- Opening Delimiter -

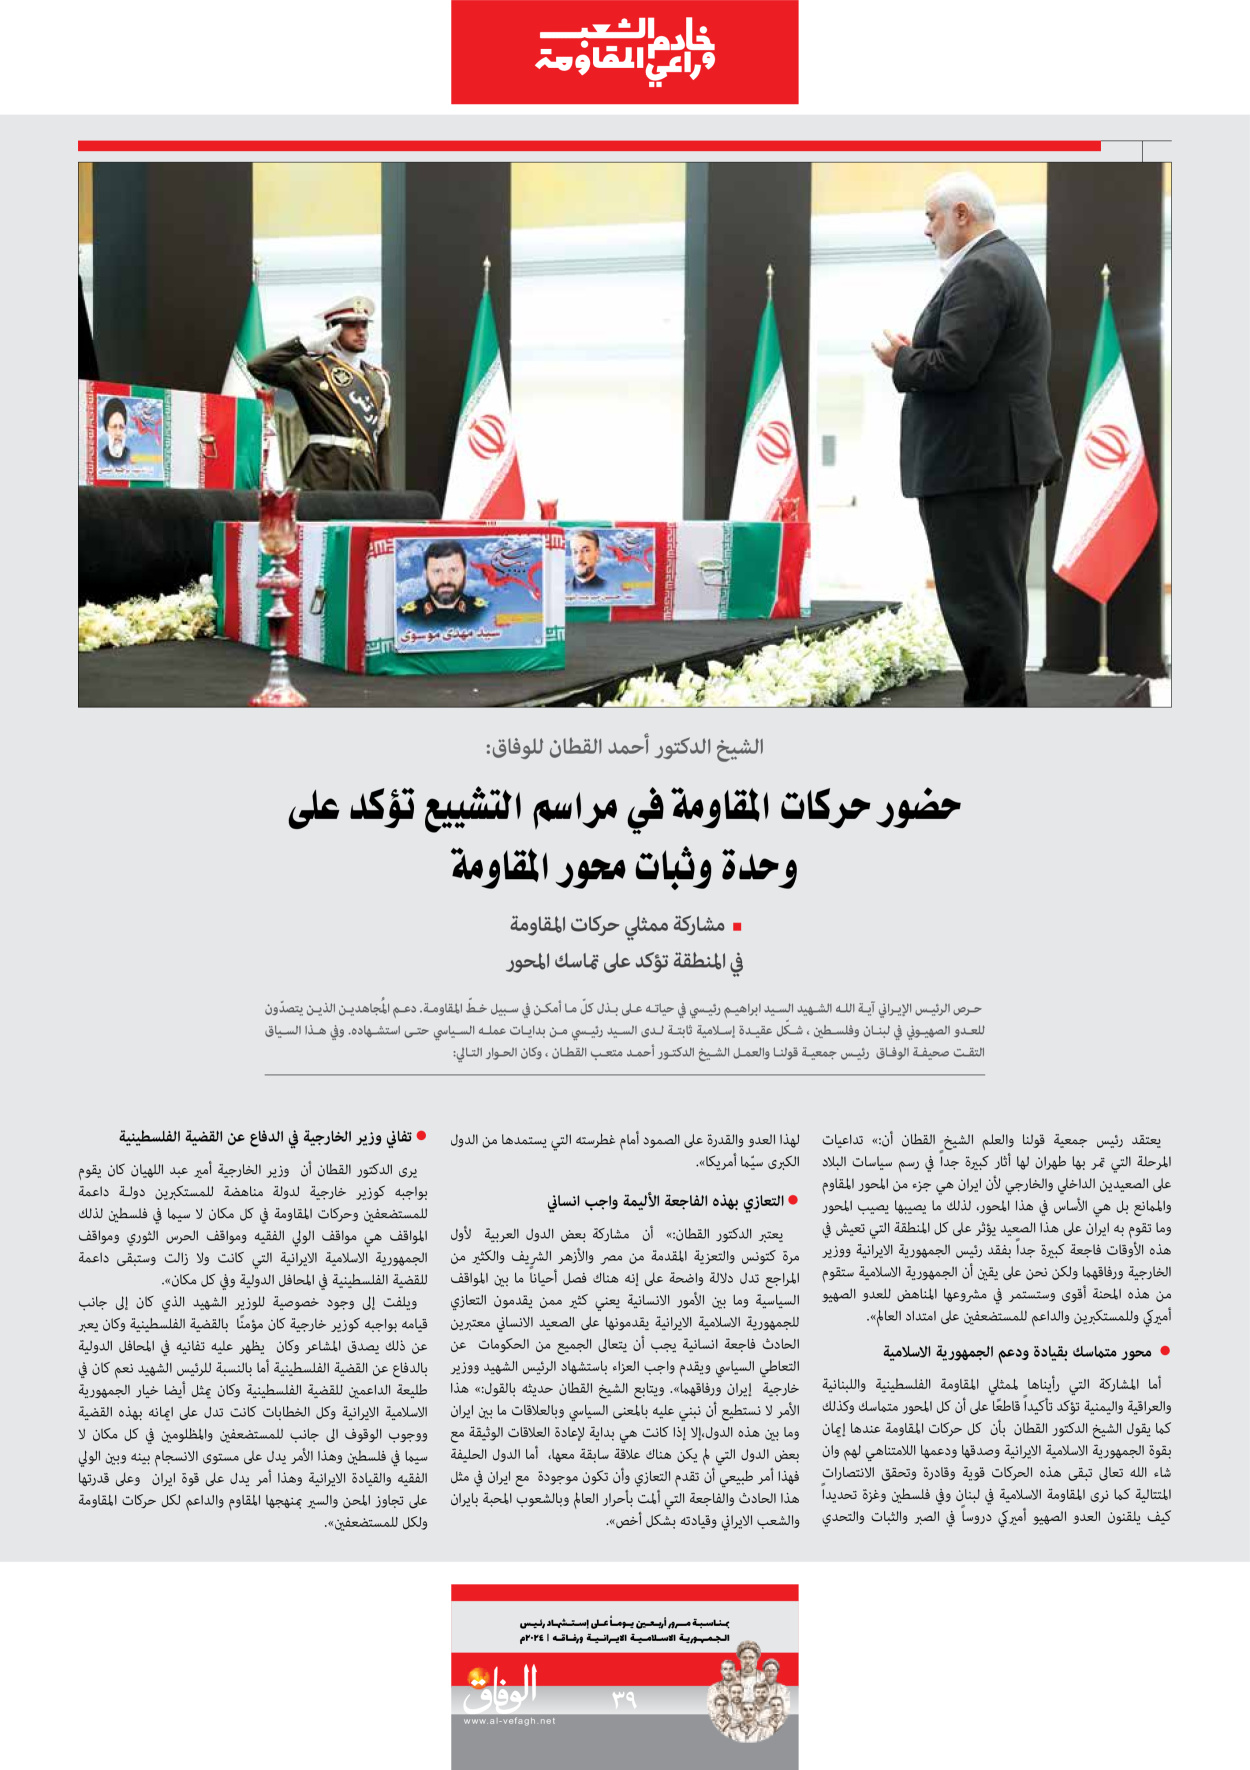 صحیفة ایران الدولیة الوفاق - ملحق ویژه نامه چهلم شهید رییسی - ٢٩ يونيو ٢٠٢٤ - الصفحة ۳۹
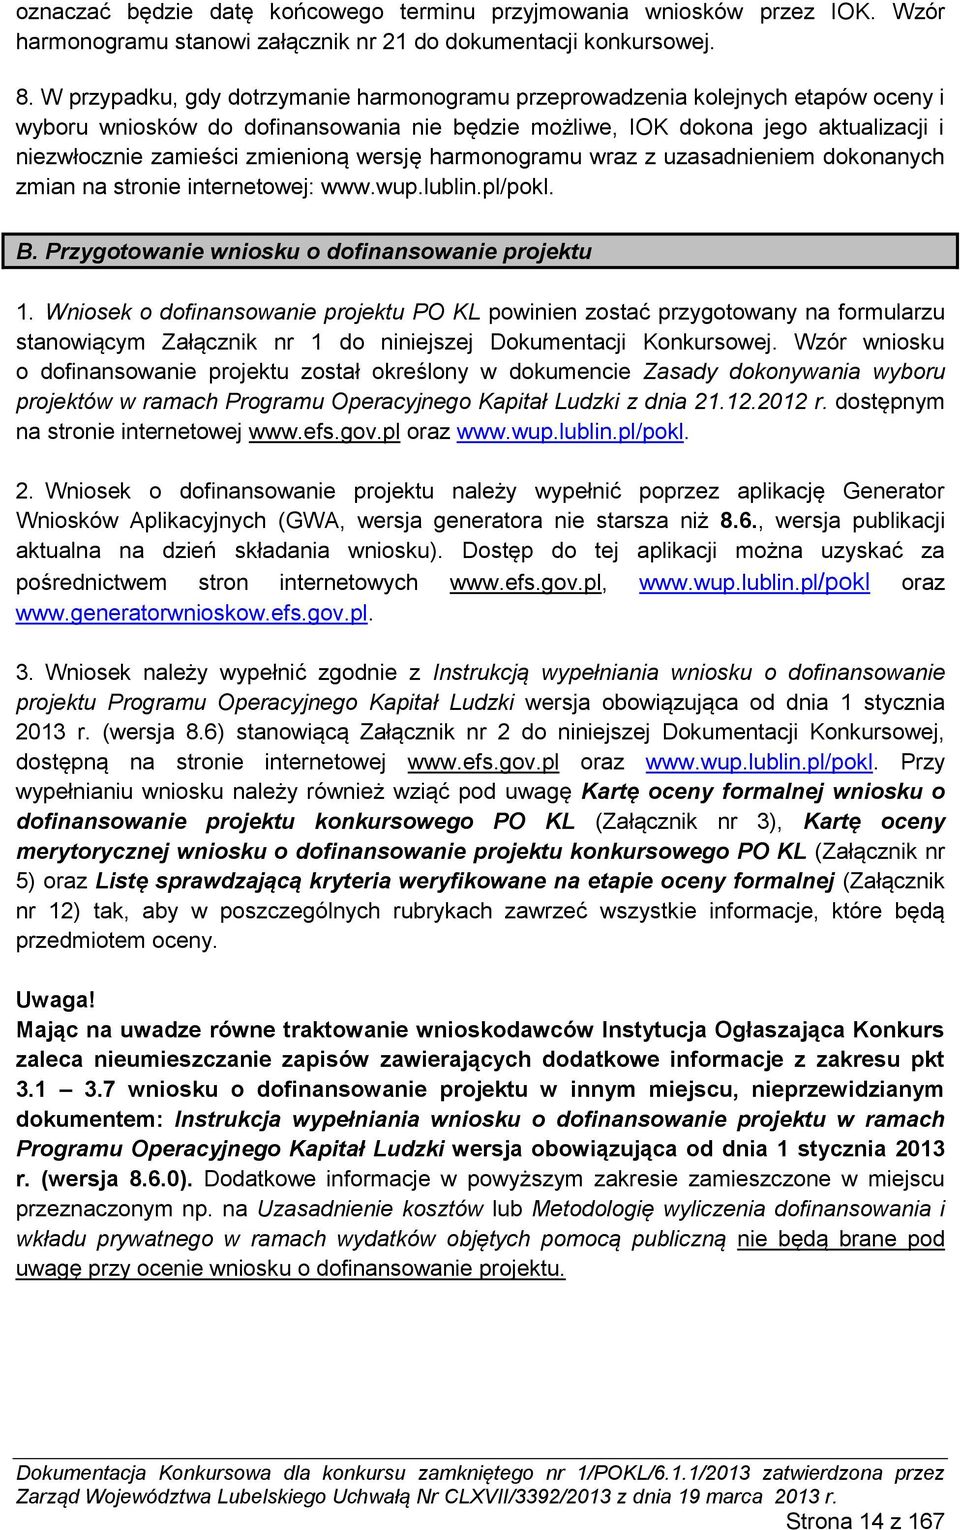 wersję harmonogramu wraz z uzasadnieniem dokonanych zmian na stronie internetowej: www.wup.lublin.pl/pokl. B. Przygotowanie wniosku o dofinansowanie projektu 1.
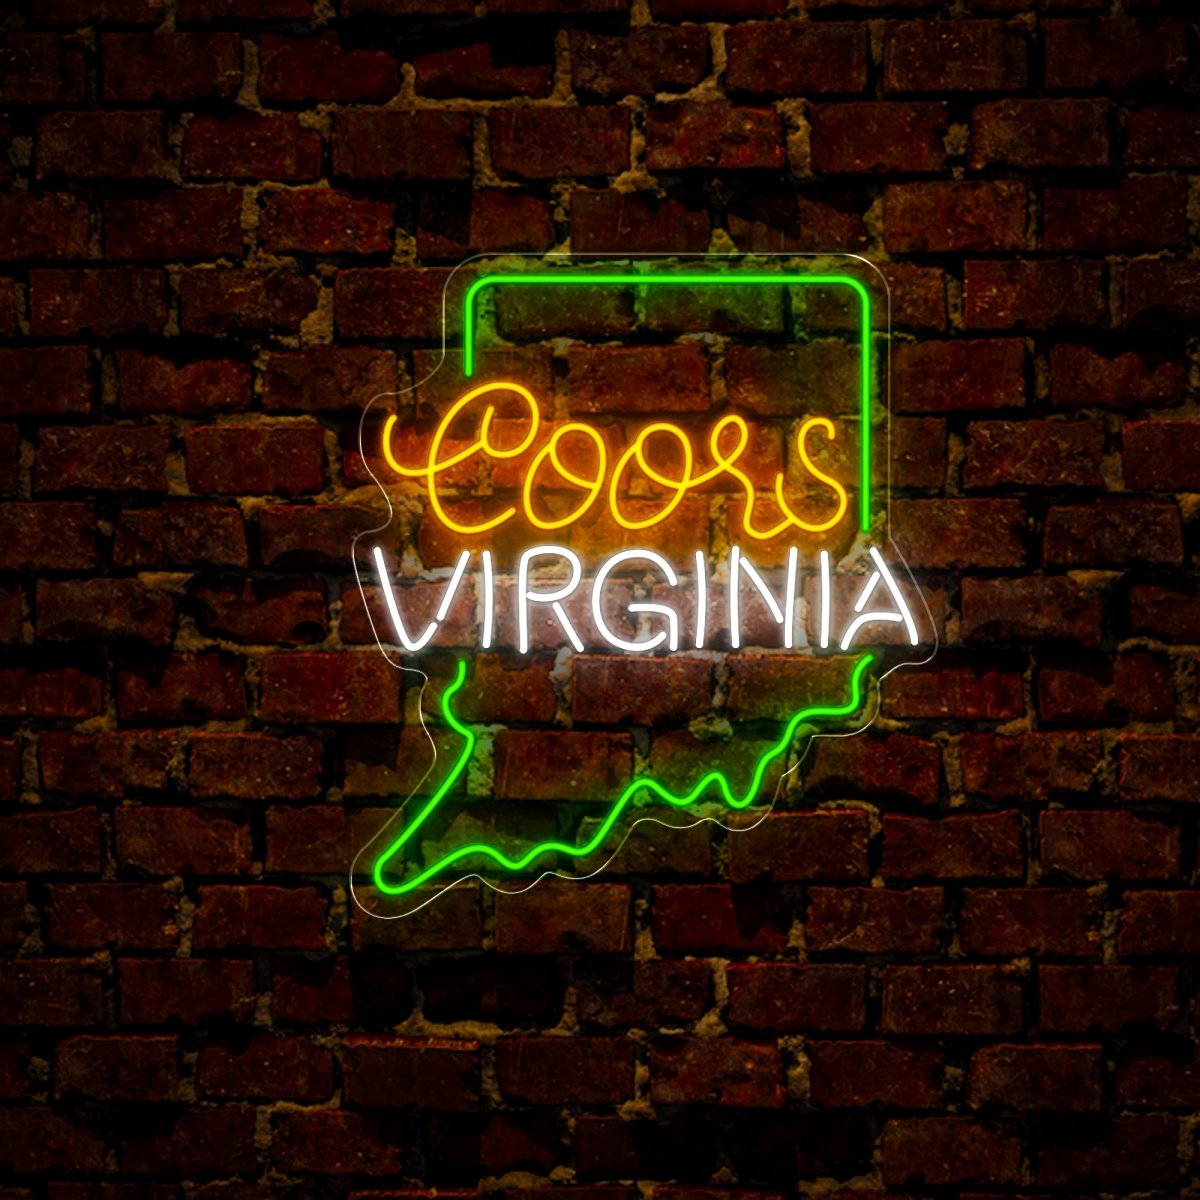 Coors American Virginia Maps Neon Sign - Reels Custom
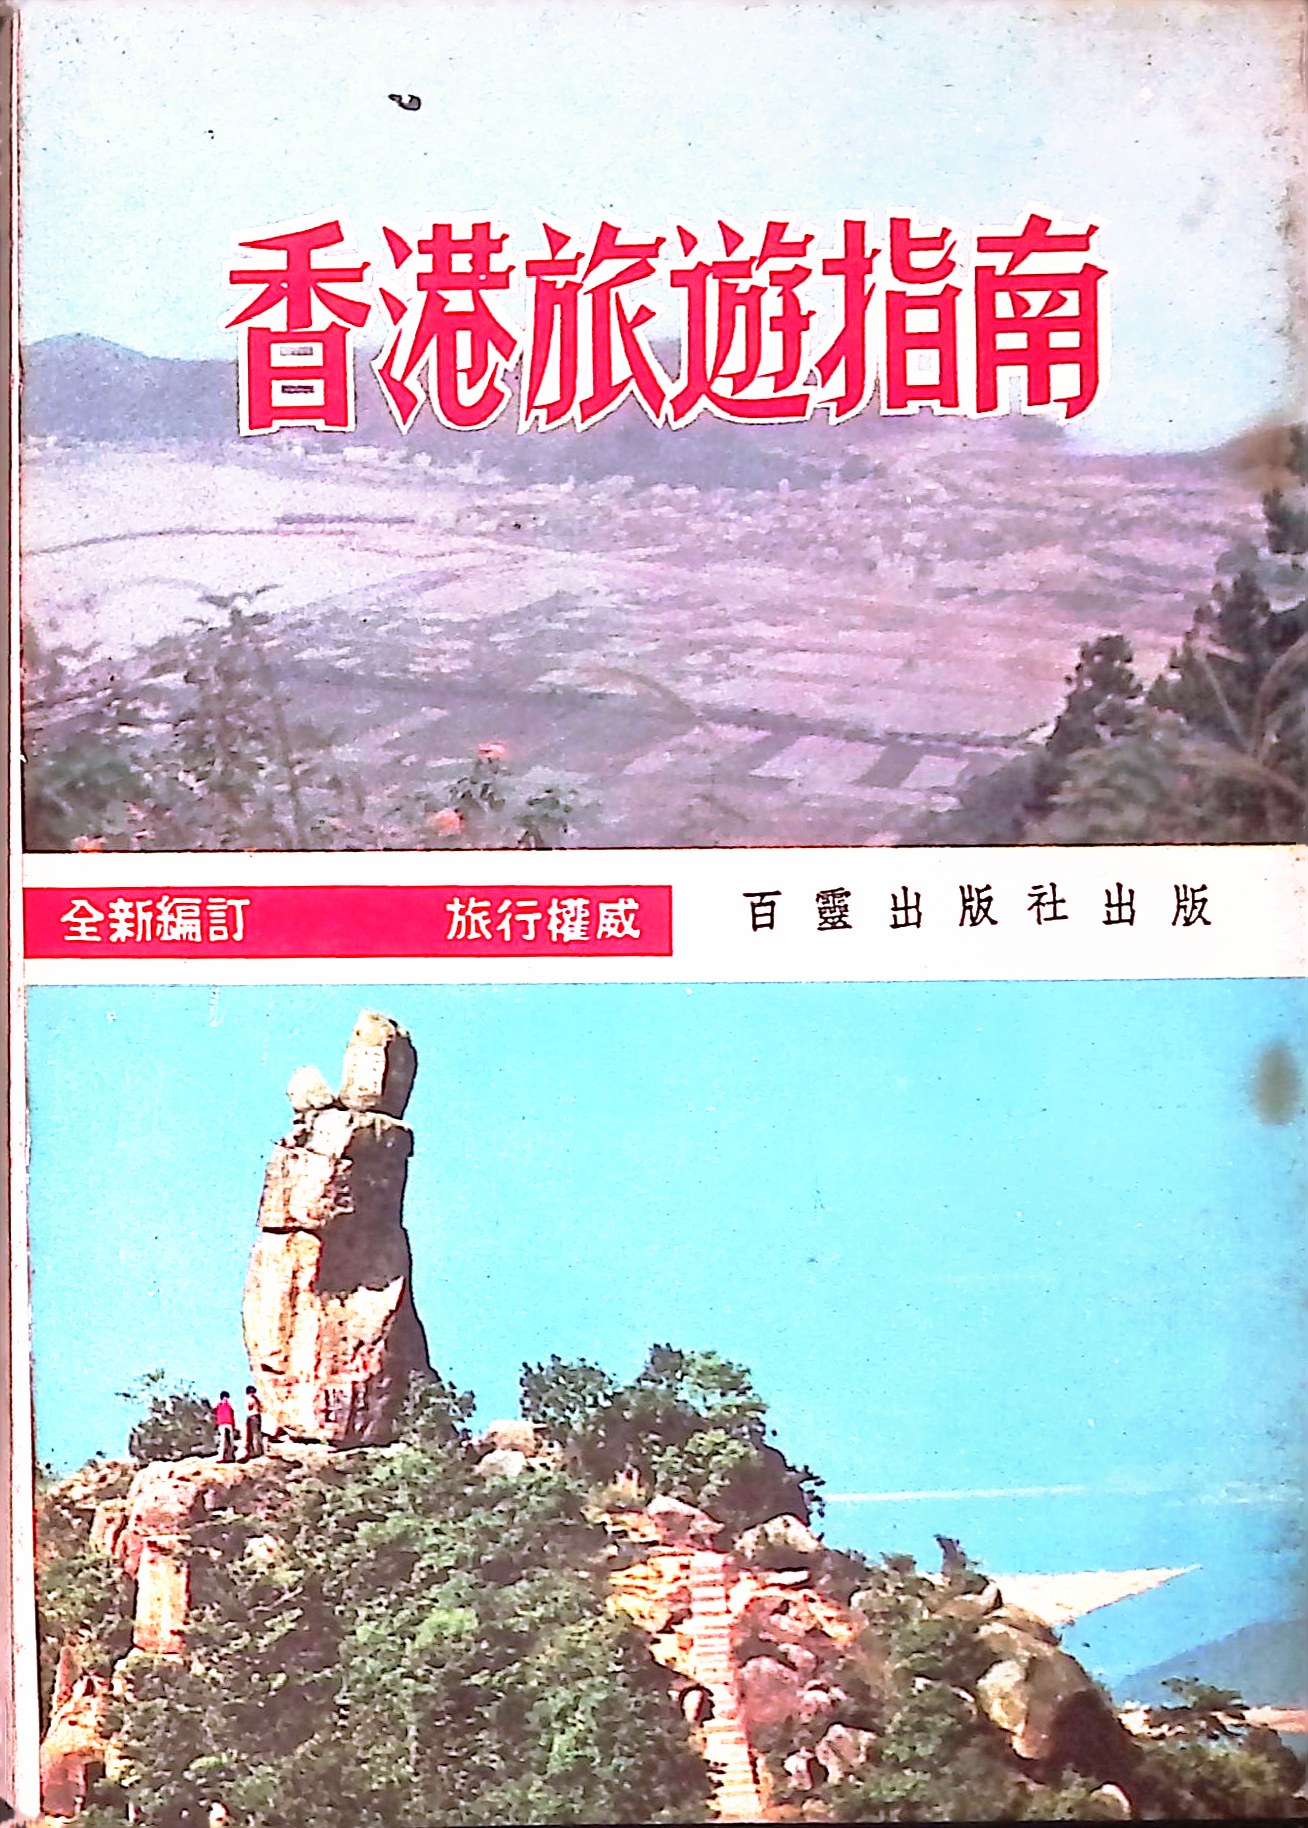 《香港旅遊指南》以「全新編訂，旅行權威」作招徠，約在1960年代末後出版，由江春華負責攝影香港各旅遊名勝。

- Closing Delimiter -

**Brief:** Without the pictures, output the full listing exactly as it stands.

**Output for this exercise:**
 صحیفة ایران الدولیة الوفاق - ملحق ویژه نامه چهلم شهید رییسی - ٢٩ يونيو ٢٠٢٤ - الصفحة ۳۹
 wersję harmonogramu wraz z uzasadnieniem dokonanych zmian na stronie internetowej: www.wup.lublin.pl/pokl. B. Przygotowanie wniosku o dofinansowanie projektu 1.
 Coors American Virginia Maps Neon Sign - Reels Custom
 《香港旅遊指南》以「全新編訂，旅行權威」作招徠，約在1960年代末後出版，由江春華負責攝影香港各旅遊名勝。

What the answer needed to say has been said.